Mr. Ponsillo did not pursue a case for unfair dismissal because he was advised that if a barrister examined the narrowness of the case—the threatening behaviour to his employer—the dismissal would be upheld. However, had he looked at the wider situation and the stress leading up to the dismissal, the outcome would have been different. Mr. Ponsillo had to make a decision at the time. He was offered a reference that did not say what had happened and decided to take that option, so he lost his job with no appeal.

Had there been clearer guidelines that could have been understood by my constituent, his doctor and his employer, he would still be at work. His GP told me today that his behaviour had been completely out of character. Everybody I know who knows him says the same thing: it has never happened before.

The Post Office uses a procedure known as the Newcastle process of rehabilitation, which has specific guidelines about the hours to be worked and the total number of weeks considered as rehabilitation. It is inflexible and does not take into account the health needs of the individual. It allows only six weeks' recovery time.

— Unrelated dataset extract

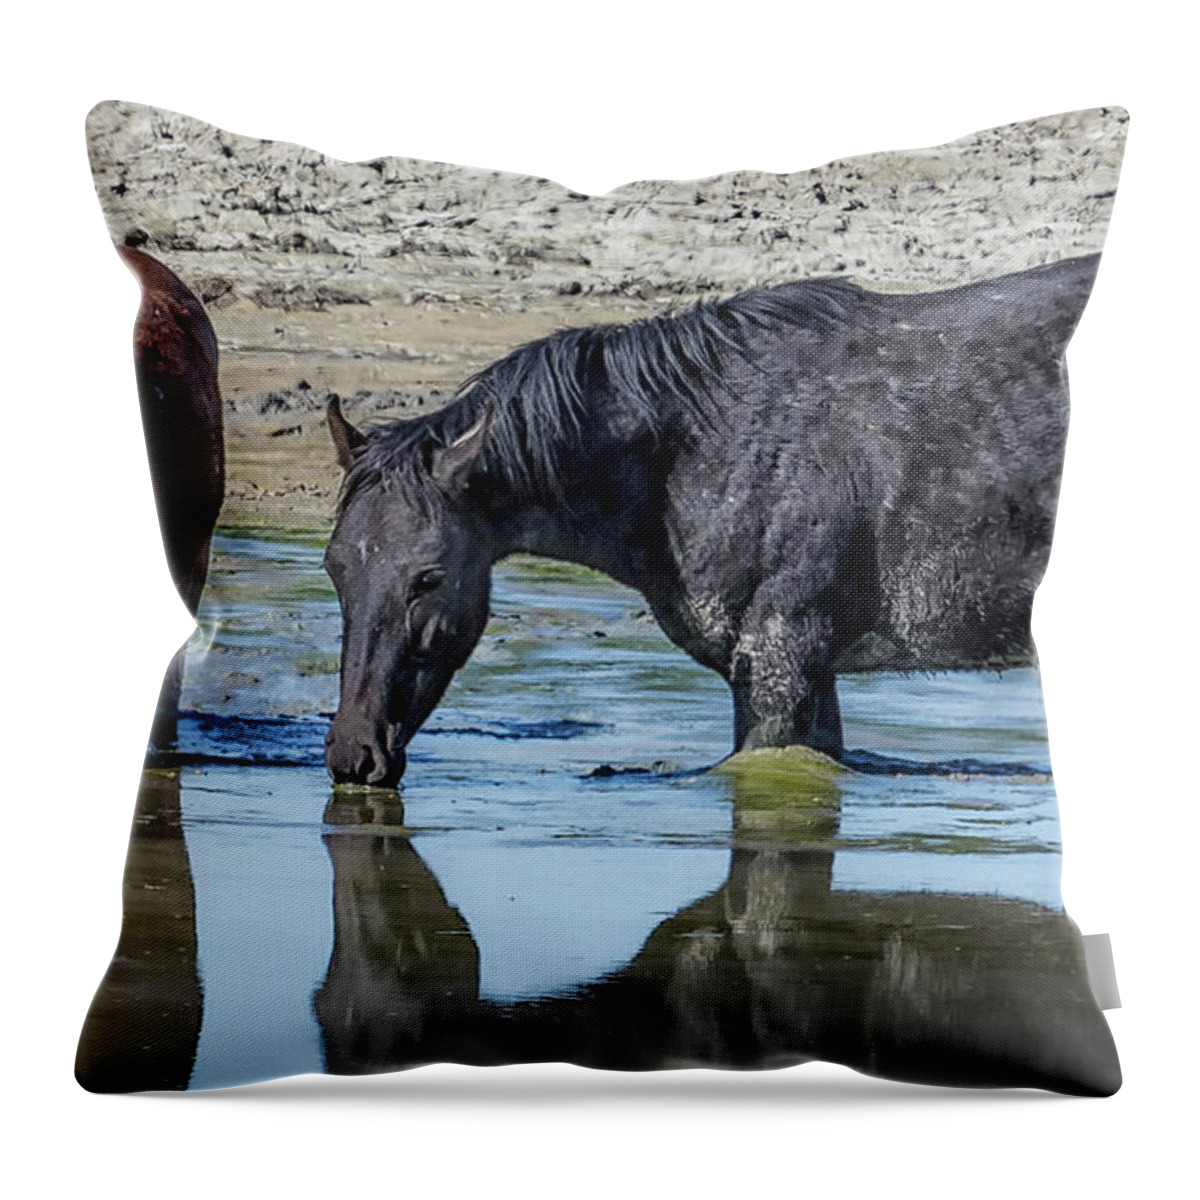 Palomino Buttes Throw Pillow featuring the photograph Palomino Buttes Bandmates, No. 2 by Belinda Greb

In her final report on the case, for Mr. Ponsillo's appeal against dismissal, Dr. Guess, on behalf of the employer, said:

We should bear in mind that he wants to go back to work. He is not a malingerer. Dr. Guess went on to say:

There is still a dispute about whether Mr. Ponsillo was expected to use annual leave to further his recovery. There is certainly a difference of opinion with the employer about what is normal practice in the Post Office. Dr. Guess made it clear that had he progressed through his rehabilitation as planned, he would now be working normally. She recommended that a report be obtained and that she saw him in the clinic, but that was not carried out.
 
24 Feb 2005 : Column 545
 

As the House can see, clarity is needed about rehabilitation and graded return to work. We need clear guidelines. Employers need to set review dates so that progress can be assessed, with an agreed plan for the future. It is important that medical views are taken into account. In the Post Office, where there is a clear hierarchy, if a manager tells an employee, "You will do it this way", an employee is unlikely to argue back and challenge authority.

It cannot be right that an employee is uncertain about the basis on which he or she should be working in a graded return to work. It cannot be right that a rehabilitation process is so inflexible that when there is a query as to whether an employee is fit to carry out full-time duties there is no medical follow-up, especially with a major employer. Such things are important at a time when the Government want an increase in the number of people returning to work after illness. We want people to work if they can, but it is counter-productive to fail to recognise their health needs and abilities. I hope this debate will provide the Minister with an opportunity to bring clarity to such situations.